The accused have participated in the realisation of the organisation ’ s aims by holding meetings in the organisation ’ s house and preparing documents to be distributed in İzmir. Moreover they have distributed and sold the publications, Çağrı and Güney – which can be considered as the organisation legal publications – in order to support the organisation financially.
The accused have denied the accusations, in particular, the existence of the organisation and in any event have stated that their acts could not have been considered as crimes...since there were no armed acts committed on behalf of the organisation....The public prosecutor submitted that the organisation in question no longer corresponded to the definition provided for by law in light of the recent amendments made to Law no. 3713 and requested the accused ’ s acquittal.
Therefore what is at stake in the present case is whether the acts of the accused correspond to the amended definition of membership of a terrorist organisation...In the consideration of whether an organisation qualifies as a terrorist organisation, its structure, working methods, purpose and its acts must be taken into account. The amended section 1 of Law 3713 requires force and violence as an element of terror. It suffices for an organisation to adopt force and violence as its purpose to bring it within the scope of the Prevention of Terrorism Act. Coercion may just as well present itself as psychological coercion. Terror is any criminal act committed for the purpose of achieving the final goals enlisted in section 1 of Law no. 3713. The ‘ purpose ’ as worded in this section subsumes the purpose of using of violence and force and therefore envisages its application to unarmed organisations. Any conclusion that is contrary to this reasoning will render the application of the Prevention of Terrorism Act to unarmed organisations impossible, which will pave the way for them to work freely towards their goal of overthrowing democracy and the Turkish Republic. In democracies people may be given all freedoms except for the freedom to destroy democracy. Since the law-maker cannot be presumed to have given license to organisations whose purpose is to ruin and divide the State, it necessarily follows that unarmed organisations fall within the scope of the law in question.
Everyone has a right to freely declare their thoughts and opinions in the public sphere. However when people establish an organisation to impose their ideas on others with the aim of changing the constitution and bringing about the cessation of the State through violence and coercion, it can be considered that the constituent element of the crime, namely psychological coercion, is presumed. In the light of this general overview, it can be considered that the acts of the accused are those of disseminating propaganda for an already existing organisation by means of distributing leaflets and thereby encouraging membership. In pages 19, 20 and 21 of the organisation ’ s manifesto...Turkish Republic was insulted. It states that Turkey occupies lands that belong to Kurdistan and Armenia and that the Kurdish people lead a justified resistance movement in the North Kurdistan against the unjust and dirty war led by the fascist Turkish Republic. The dead terrorist Ibrahim Kaypakkaya is mentioned ... In the following pages, Marxist and Leninist practices are praised and the quasi-feudal capitalist system is mentioned. The last chapter contains the party ’ s discipline procedures...In a declaration which carries the emblem of Bolshevik Party – North Kurdistan, it was stated that the history of Ottoman Empire reeks of massacres and crimes...1.5 million Armenians were massacred...and that the fascist Turkish army is merely a continuation of the Ottoman Empire...that the real enemy is the fascist Turkish Republic...unite under the red flag of the Bolshevik party in order to overthrow the fascist Turkish Republic with a democratic people ’ s revolution and wave the red flag of bolshevism in cities, castles, farms and mountains so that we can finally throw the fascist Turkish State into the gutters of history...
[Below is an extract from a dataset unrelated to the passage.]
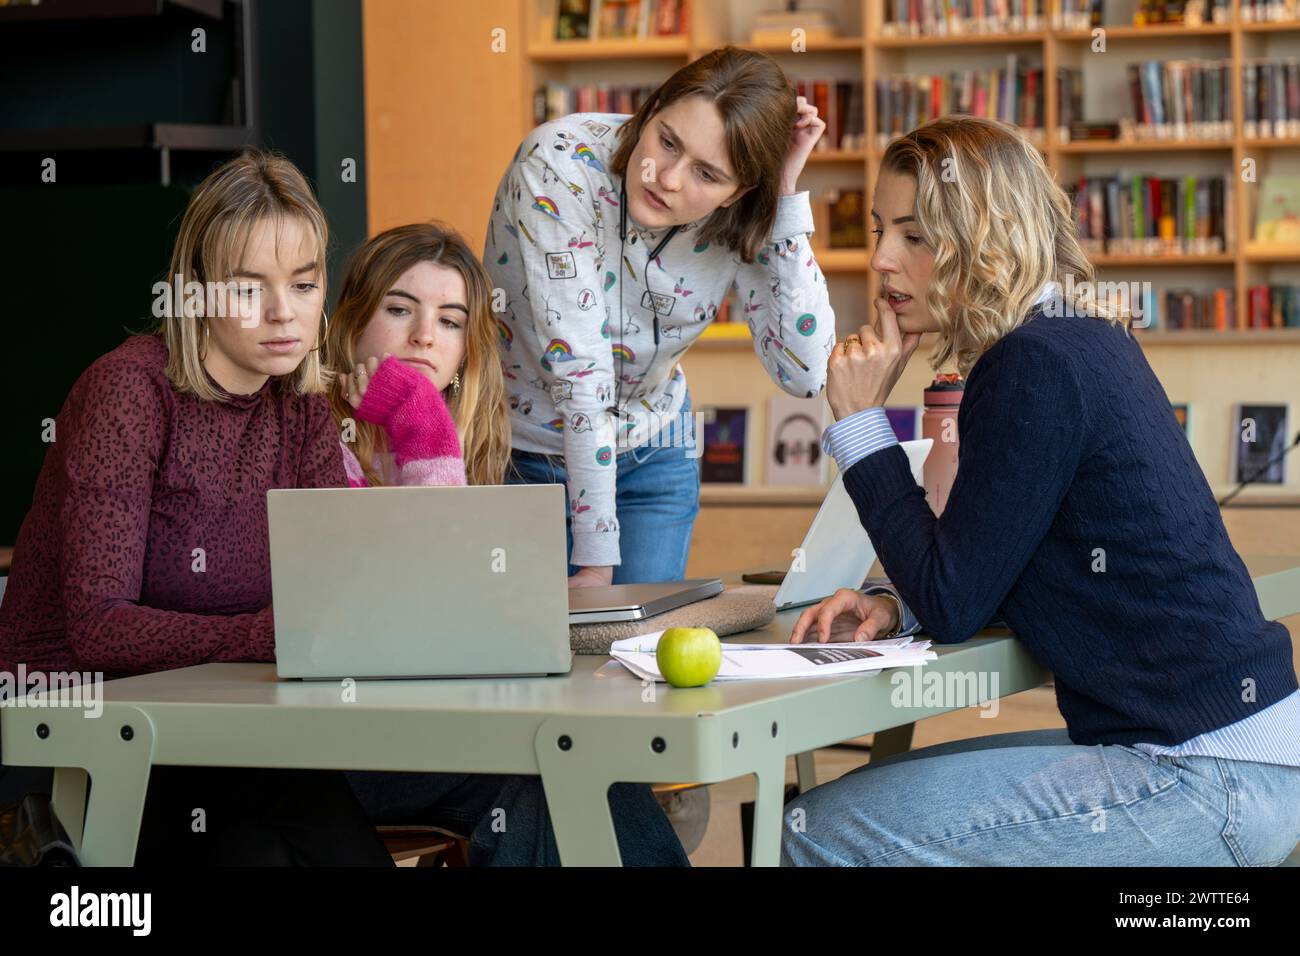 Eine Gruppe von vier jungen Frauen konzentrierte sich auf einen Laptop-Bildschirm, während sie an einem Tisch mit Büchern, Papieren und einem Apfel saßen und schlug eine Studie oder Arbeitssitzung vor. Stockfoto

There are many more statements like the ones quoted above. There are many documents which incite people to revolt against the regime and the State and wage war on the government by taking to the mountains. However it is not possible to quote all of them in the judgment. They have been identified individually in the present judgment under the heading written evidence. In the light of this examination, it appears that the aim of the Bolshevik Party is to change the regime and bring about secession of part of national territory for Northern Kurdistan. It is considered that the organisation started working for these aims but has not yet engaged in armed attacks. [However,] the mere existence of such discourse in the organisation ’ s manifesto and declaration is sufficient to create psychological duress on people.”
20 . Having regard to the arrest and seizure report, and the report based on the identification parade concerning all the accused, the documentary evidence found in the possession of the first applicant as well as the possession of periodicals Çağrı and Güney , which were identified by the court as the legal publications of the organisation and the illegal periodical Açılım , the court found it established that the applicants were members of the illegal terrorist organisation.
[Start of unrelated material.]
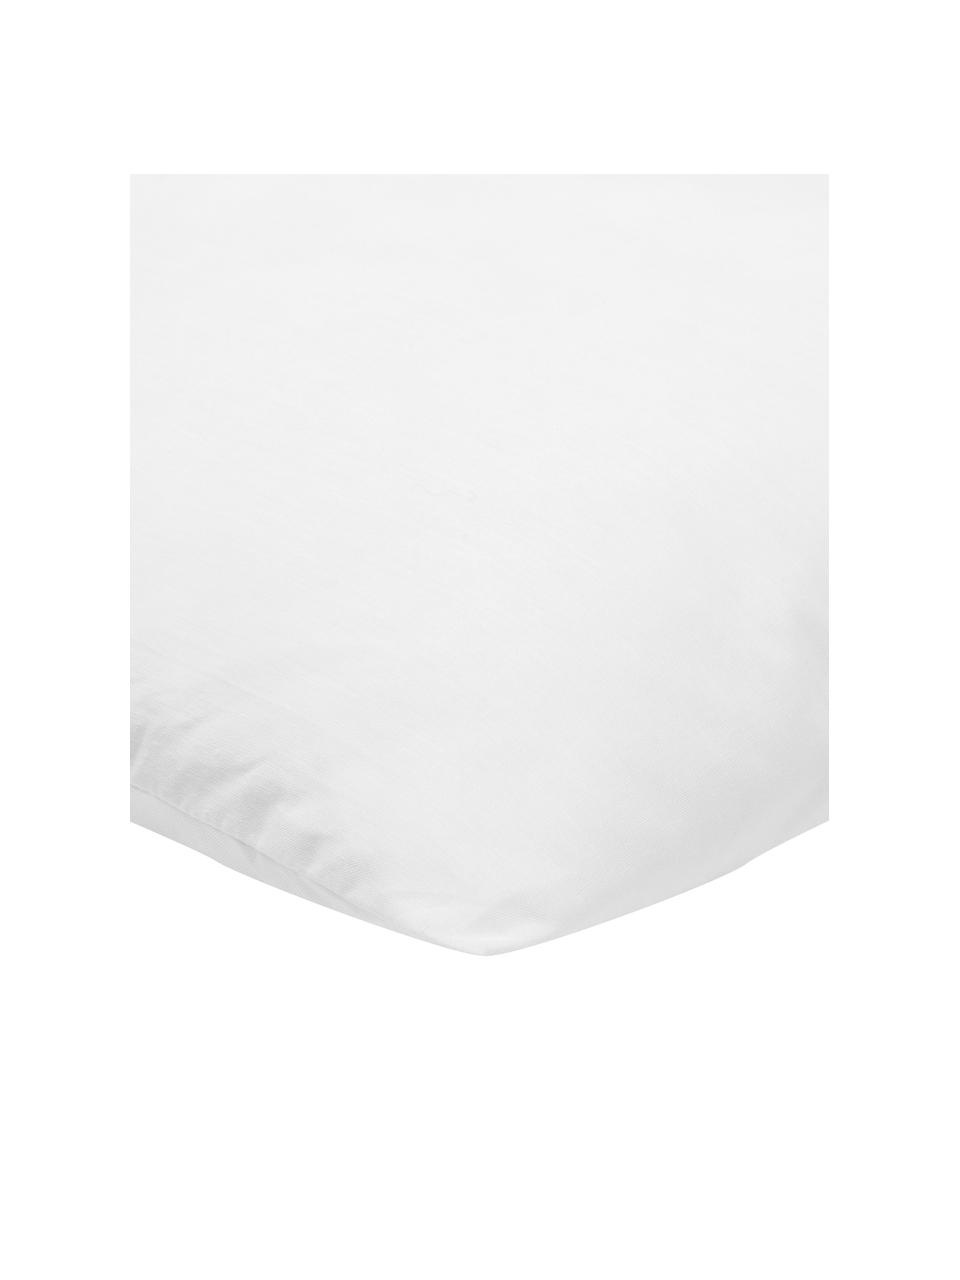 Kissen-Inlett Sia, 45x45, Microfaser-Füllung, Hülle: 100% Baumwolle, Weiß, B 45 x L 45 cm

21 . The applicants appealed against this judgment and raised the same grounds of appeal as they did in their previous appeal (see paragraph 13 above).
22 . In the meanwhile, relying on the fact that his entire life had been spent in Germany prior to his arrest and that he had no income, residence or medical insurance in Turkey to sustain himself, the second applicant made repeated requests for the measure preventing him from leaving Turkey to be lifted. The domestic courts rejected these requests on 21 May 2003, 24 July 2003, 21 July 2004, 1 September 2004, 12 October 2004, and on 16 March 2006 by having regard to the stage of the proceedings.
23 . On 29 June 2006 section 7 § 1 of Law no. 3713 was amended by revising definition of terrorist acts and offences and subjecting their punishment to Article 314 of the new Criminal Code.
24 . On 5 October 2006 the Chief Public Prosecutor submitted his observations and asked the Court of Cassation to quash the first-instance court judgment on the grounds that the legal status of the applicants and other accused should be reconsidered in view of the amendments made to section 7 § 1 of Law no. 3713 on 29 June 2006.
25 . On 25 December 2006 the Court of Cassation, on appeal, considered that there was no change favourable to the applicants in respect of the constituent elements of the offence defined under section 7 of Law no. 3713. It remarked that the penalty corresponding to these offences had now become heavier than the previous version of the provision. Therefore it upheld the İzmir Assize Court ’ s judgment of 16 March 2006.
B. Relevant domestic law
1. The relevant provisions of the Criminal Code (Law no. 765) at the material time provided:
Article 168
“It shall be an offence punishable by at least fifteen years ’ imprisonment to form an armed gang or organisation or to assume control or special responsibility within such a gang or organisation with the intention of committing any of the offences referred to in Articles 125...
It shall be an offence punishable by five to fifteen years ’ imprisonment to belong to such an organisation.”
2. The relevant provisions of the New Criminal Code (Law no. 5237) at the material time provided:
Article 314
“ (1) Anyone who forms an armed organisation to commit the crimes listed in the fourth and fifth sections of this chapter, or commands such an organisation, shall be liable to a term of imprisonment of from ten and fifteen years.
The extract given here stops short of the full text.